Anyways, if you look at the log directory, you'll see this:
log$ ls -F
algorithms/ cli/ supervisor/ ziggy/
log$Let us consider each of these directories in turn.
This is where the log files from relational database applications may be stored. If you're using an non-system PostgreSQL database, this directory should contain pg.log. If a system database is being used, this directory will not be present since the sysadmin and DBA get to decide where the logs go, not you. It is also not present for databases such as HSQLDB, which is the case in this example.

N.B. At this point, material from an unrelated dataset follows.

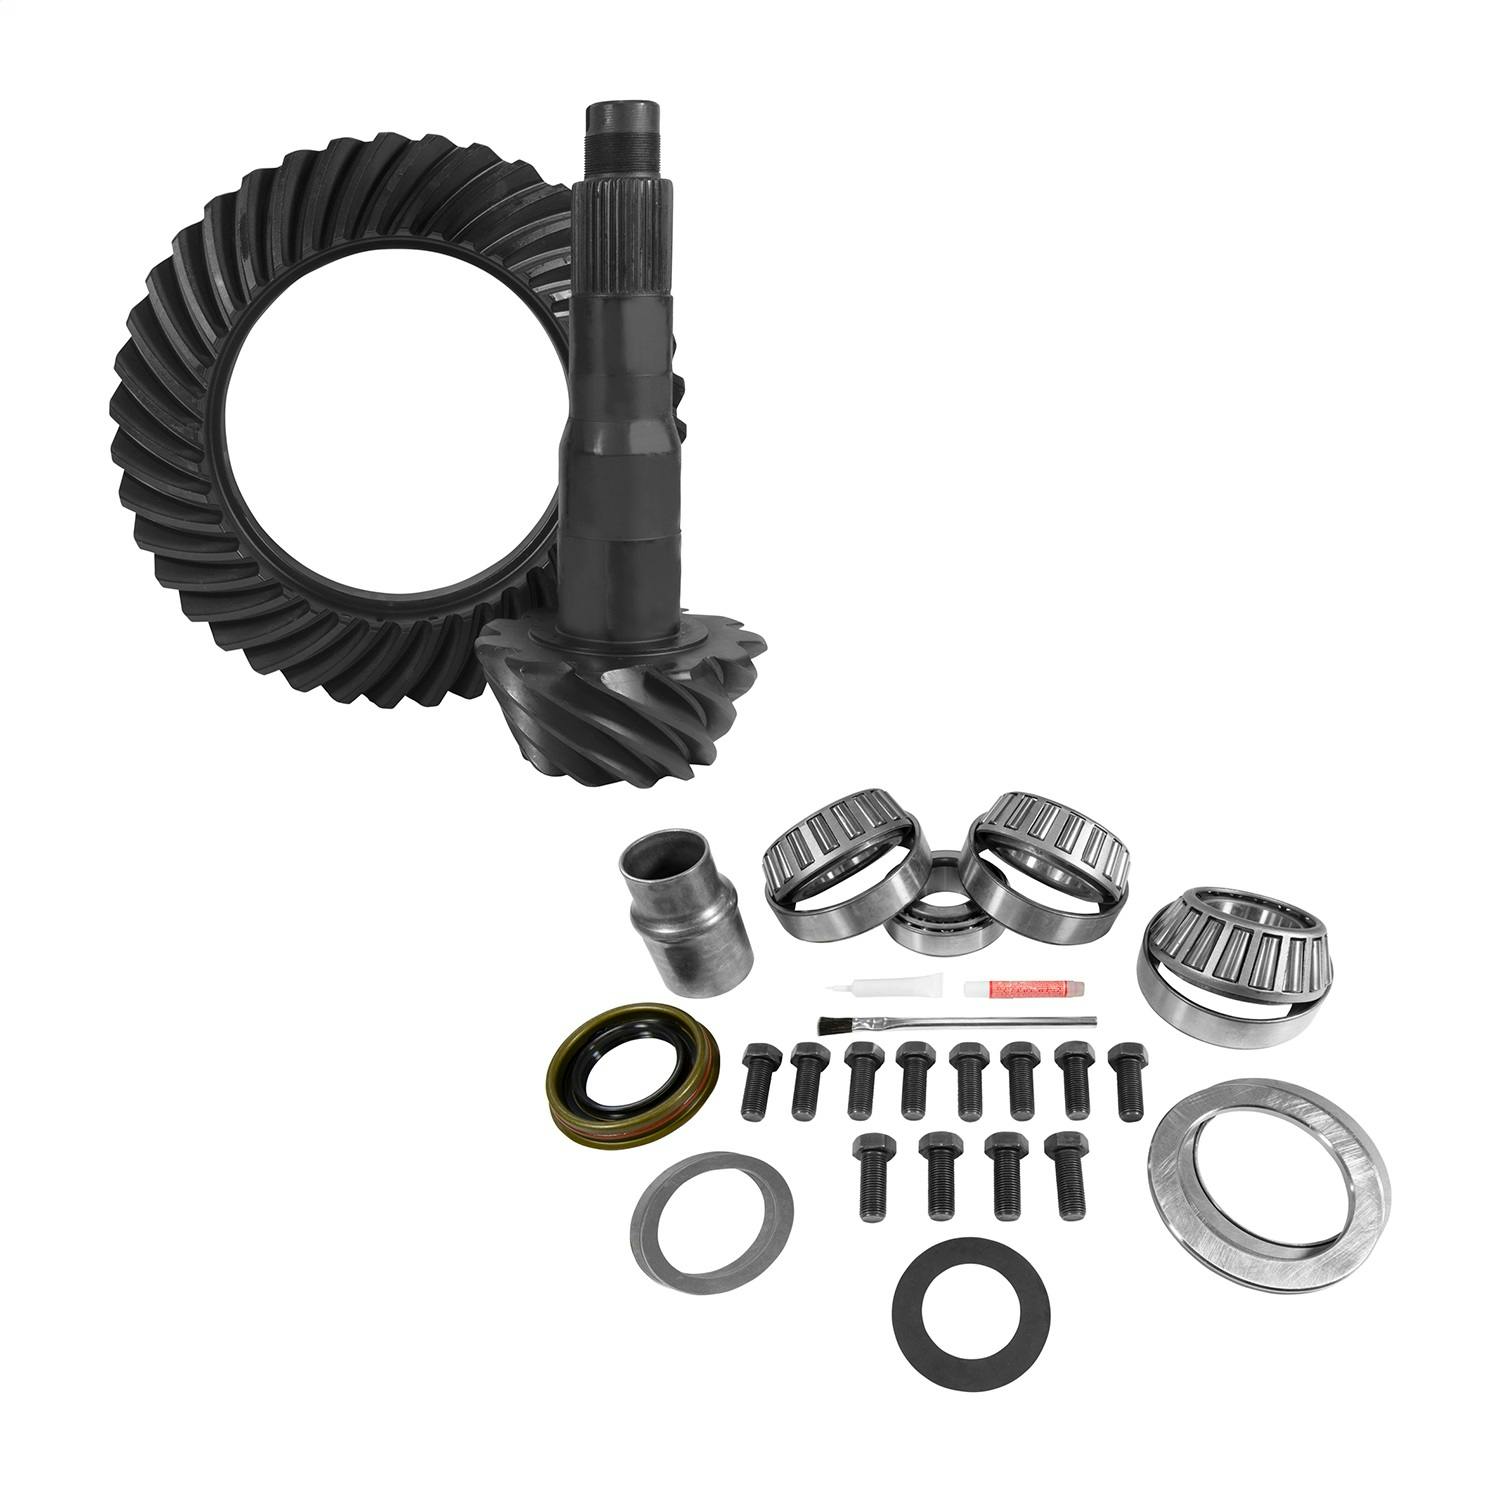 USA Standard Gear ZGK2151 10.5in. Ford 4.88 Rear Ring/Pinion and Install Kit

Here we see the logs that are produced by various parts of Ziggy that are started from the command line. Looking inside the directory, we see this:
log$ ls -F cli
cluster.log console.log ziggy.log
log$The cluster.log file is logging from all the cluster commands; console.log captures all logging from the console. You'll sometimes see another file, ziggy.log, which is the logging from other commands executed by ziggy. Feel free to look into these, but none of them will provide any insight to the exception we're trying to understand.
The supervisor directory's contents look like this:
log$ ls -F supervisor
supervisor.log supervisor-wrapper.log
log$The supervisor.log file logs everything the supervisor does. This is useful for troubleshooting problems that are more directly focused on misbehavior by the supervisor itself, which isn't our problem today.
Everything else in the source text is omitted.